___ PROVIDED DATA ___
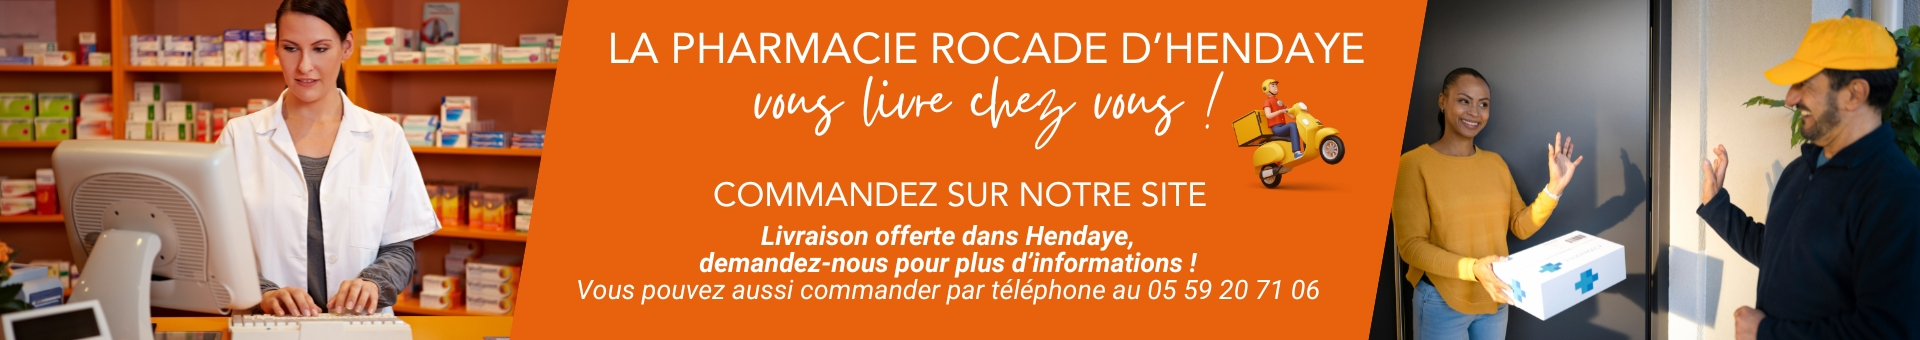 Pharmacie Rocade Hendaye,Hendaye
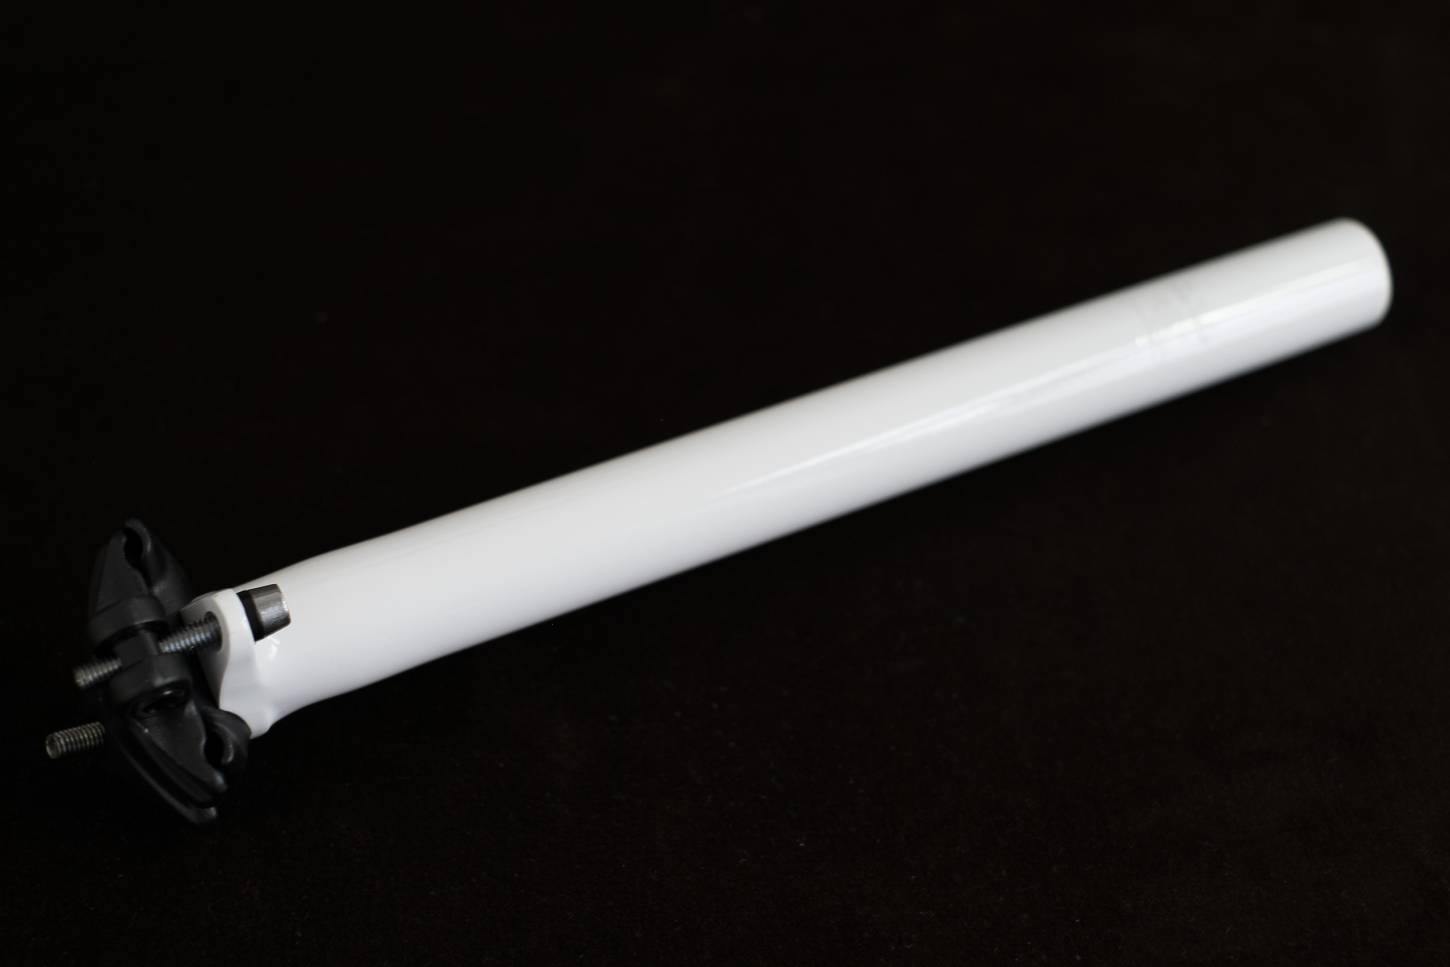 Tija de sillín Edel patentada "Schindelhauer" negra 27,2 mm "Two Bolt" de montaje
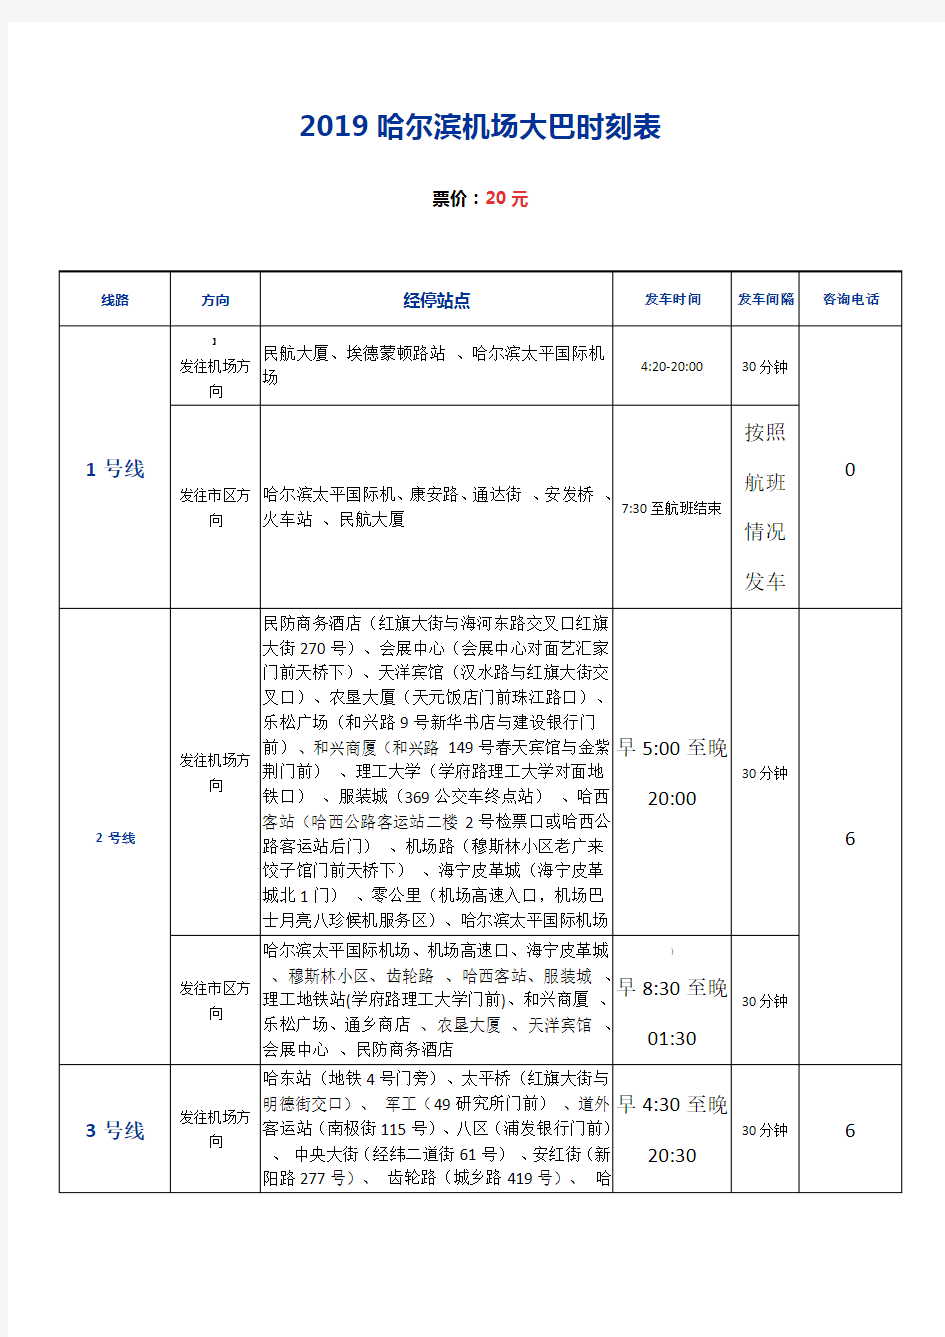 2019哈尔滨机场大巴时刻表(首末班时间、经停站点、票价)
___
WHAT YOU SHOULD DO
Reprint the listing above exactly, without images.

TASK SOLUTION
 Pharmacie Rocade Hendaye,Hendaye
 Tija de sillín Edel patentada "Schindelhauer" negra 27,2 mm "Two Bolt" de montaje
 2019哈尔滨机场大巴时刻表(首末班时间、经停站点、票价)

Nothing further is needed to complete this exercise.